Section 2.2 The Original Credit Agreement is hereby amended by deleting
Section 4.4(c) and substituting therefor the following:
"(c) Maximum Leverage Ratio. Maintain as of the last day of each calendar
month during the term of this Agreement a ratio of Funded Debt to Adjusted
EBITDA for the twelve (12) months ending on each date occurring during the
term of this Agreement no greater than 3.00 to 1; provided that, for
purposes of this covenant and subject to Bank approval, Adjusted EBITDA
shall have added back (A) the trailing 12-month EBITDA of new acquisitions
exceeding a gross purchase price of $2,500,000; provided further that for
any calculation hereunder that includes a calendar month prior to the date
of Borrower's purchase of AmTech Inspection, Cleveland Inspection or WRC
(each hereinafter called, an "Acquisition" and each month occurring before
an Acquisition, being a "Pre-Acquisition Month"), Adjusted EBITDA shall
include, for each Pre-Acquisition Month, a number equal to (i) the Adjusted
EBITDA of AmTech Inspection, Cleveland Inspection or WRC (as applicable)
for each calendar month after the applicable Acquisition divided by (ii)
the number of calendar months since the applicable Acquisition and (B)
expenses associated with Borrower's issuance and/or granting of stock
options to Borrower's directors and employees; provided further that for
any calculation hereunder, Adjusted EBITDA shall exclude losses associated
with the ConocoPhillips-Ferndale, Washington project which have occurred
prior to January 1, 2007."
Section 2.3 Waiver.
(a) Bank hereby waives any non-compliance by the Borrower with Section
4.4(c) of the Original Credit Agreement for the month's ending November 31,
2006 and December 31, 2006 and Bank agrees that the Borrower shall not be
deemed in Default, nor shall any Event of Default be deemed to have
existed, solely by reason of any such non-compliance.

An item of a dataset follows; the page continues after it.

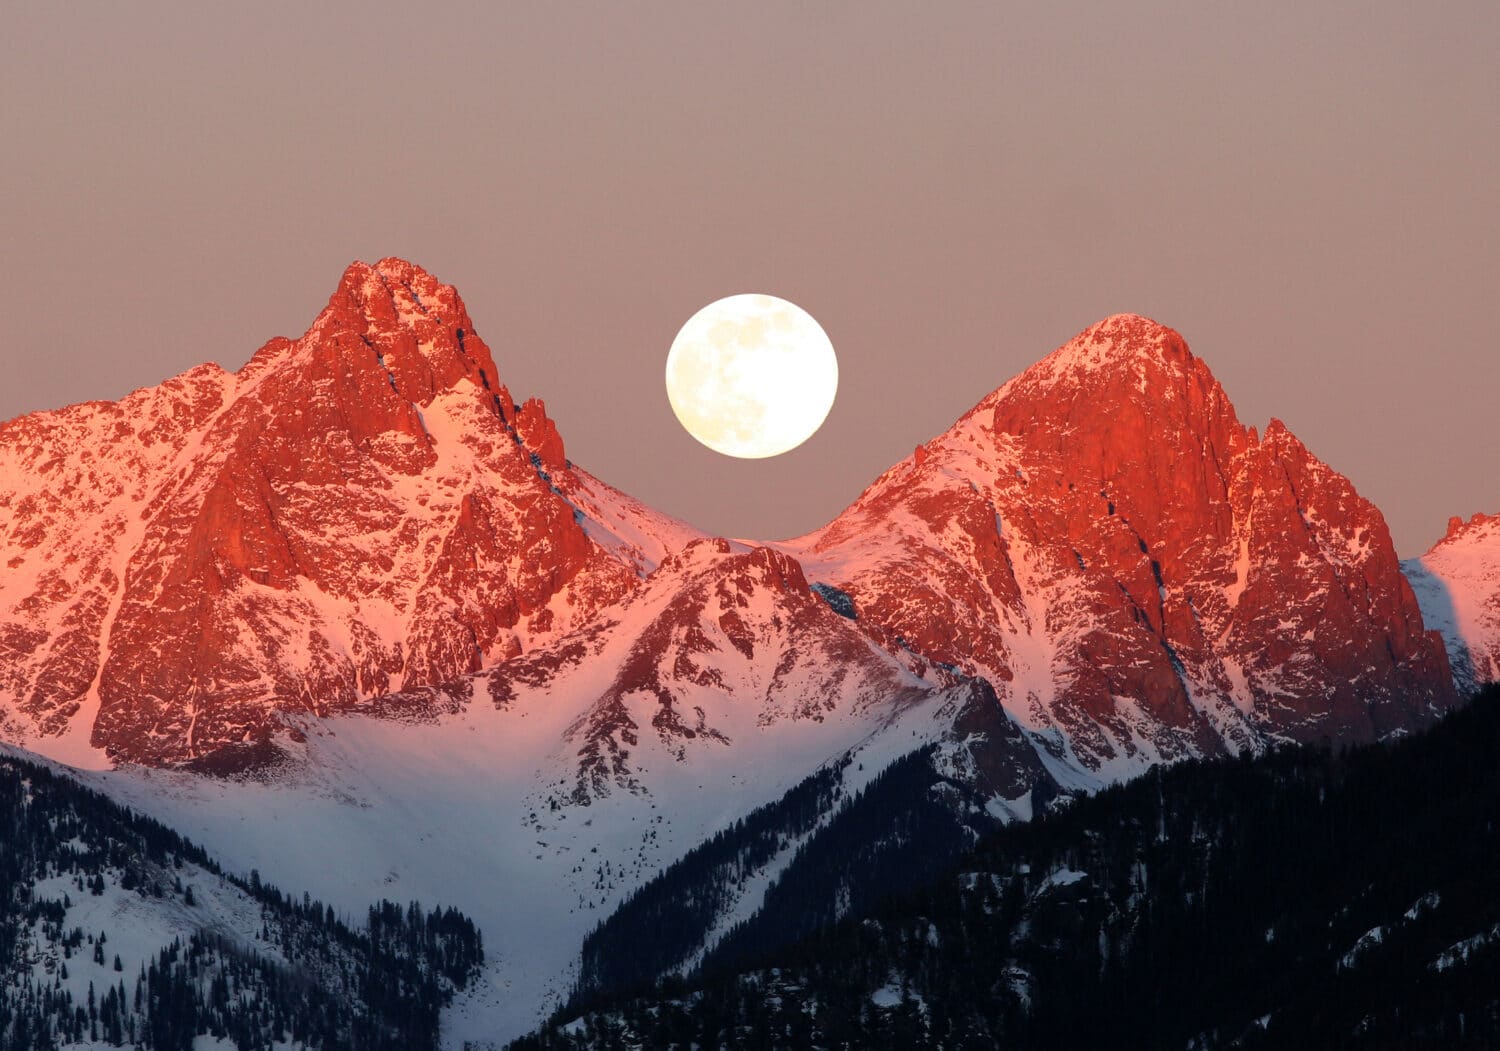 A full moon rises between two peaks
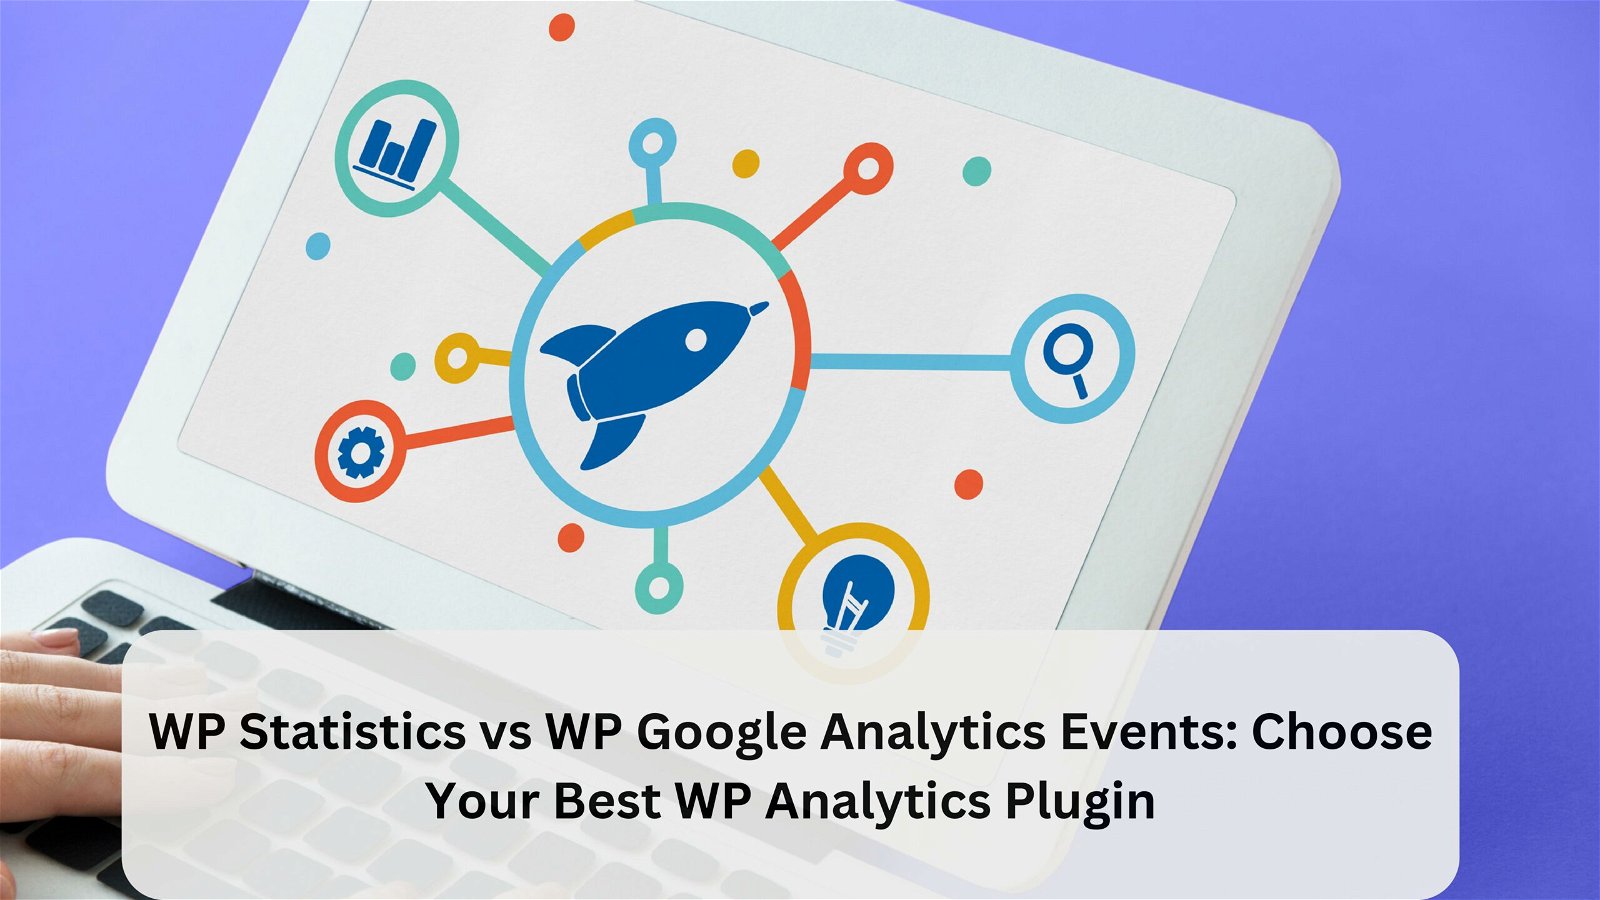 WP Statistics vs WP Google Analytics Events

(b) Bank hereby waives any non-compliance by the Borrower with Section 5.17
of the Original Credit Agreement for the fiscal year ending December 31,
2006 and Bank agrees that the Borrower shall not be deemed in Default, nor
shall any Event of Default be deemed to have existed, solely by reason of
any such non-compliance during such fiscal year; provided Borrower's actual
expenditures or commitments to acquire fixed assets by lease, purchase or
otherwise for the fiscal year ending December 31, 2006 do not exceed in the
aggregate $3,500,000.
(c) The foregoing waivers shall not be deemed to be a waiver by the Bank of
any other covenant, condition or obligation on the part of the Borrower
under the Original Credit Agreement or any other Loan Document, except as
set forth in this Section 2.3. In addition, the foregoing waivers shall in
no respect evidence any commitment by the Bank to grant any future consents
or waivers of any covenant, condition or obligation on the part of the
Borrower under the Original Credit Agreement or any other Loan Document.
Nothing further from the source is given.